In their assemblies the early Christians sang psalms, hymns, and spiritual songs, Colossians 3:16. Such singing was to praise God and edify man. In the primitive church the emphasis was placed upon singing from the heart rather than upon the mechanics of singing.
The music in the early church was entirely vocal, Ephesians 5:19. Although instruments of music were common in the first century, they were not used in the primitive church. The first use of instruments of music among professed Christians was about 670 A.D.
It was several hundred years later before they were generally used in the public worship of the mediaeval church. It is clear that instrumental music was intentionally omitted from the worship since instruments were in common use for other purposes at that time.
The worship assembly of the early church was also the occasion of Christians giving financially to the Lord. Every worthwhile work requires money. This was true in the early church. There were needy to be cared for; there were preachers to be supported in their proclamation of the gospel.
In contrast to some methods used today, the primitive church did not resort to high pressure money raising schemes.
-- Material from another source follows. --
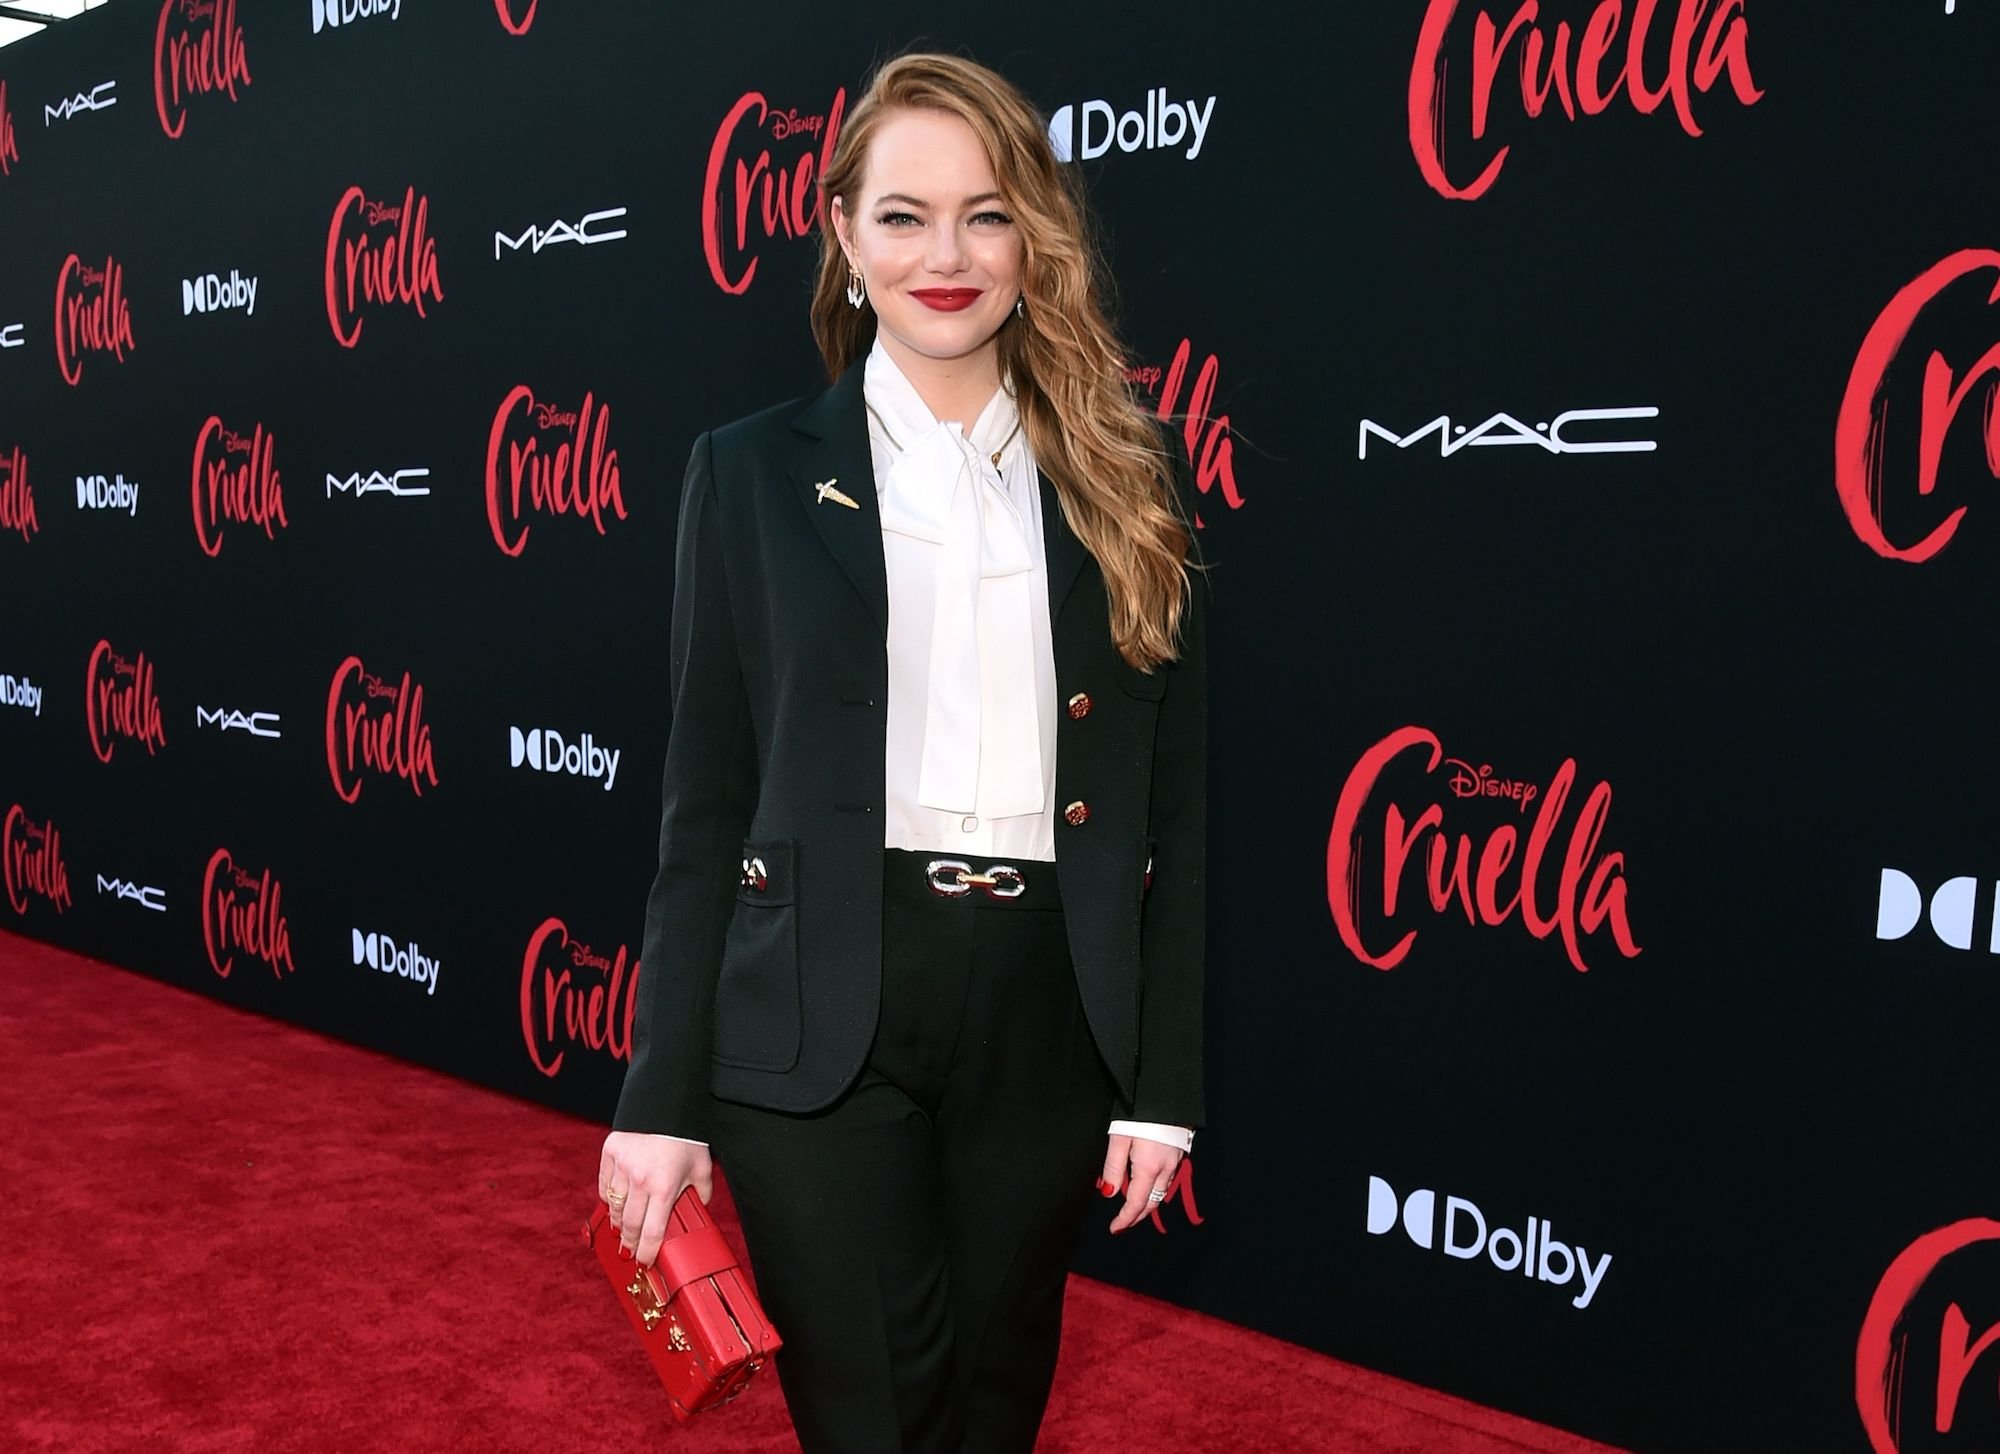 Emma Stone standing on the red carpet at the premiere for 'Cruella' 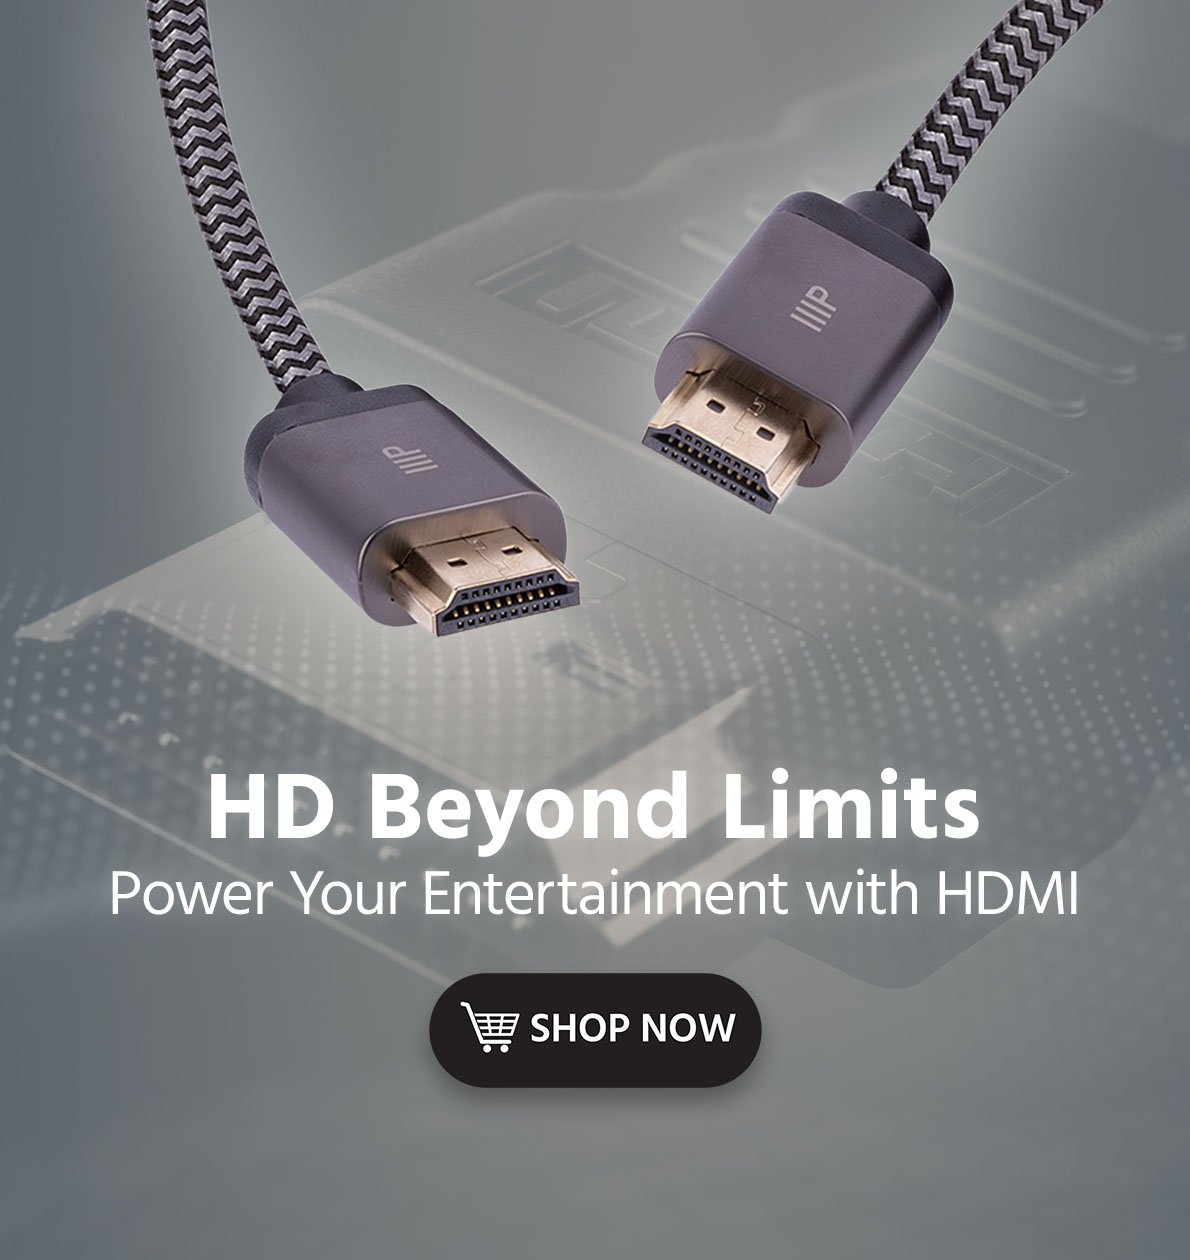 USB to HDMI - Buy USB to HDMI at Best Prices in India

Rather, each disciple gave to the church in accordance with his ability.
Christians were taught that they were to consecrate themselves wholly to the Lord, 2 Corinthians 8:1-5. Since they had done so, they willingly and liberally gave to the Lord’s work.
Several principles guided the giving of early Christians. In gathering a contribution for the poor Christians in Jerusalem Paul wrote to the Corinthians, ‘Upon the first day of the week let every one of you lay by him in store, as God hath prospered him, that there be no gatherings when I come.’ 1 Corinthians 16:2.
The amount was to be determined by their prosperity, not by a fixed percent as was true of the Jews under the Law of Moses when they gave a tithe. If Christians truly give as they are prospered this will often require that they give more than a tenth.
Again, giving was to be purposeful and cheerful. We read, ‘Each of you should give what you have decided in your heart to give, not reluctantly or under compulsion, for God loves a cheerful giver.’ 2 Corinthians 9:7.
One who gives as he purposes will plan his contribution in advance. And if he truly loves the Lord he will find it easy to give cheerfully. His giving will be based on love rather than duty.
If the church employed any other means of raising money than freewill offerings it is not mentioned in the Bible. Some uses to which this money was put will be discussed in the next lesson.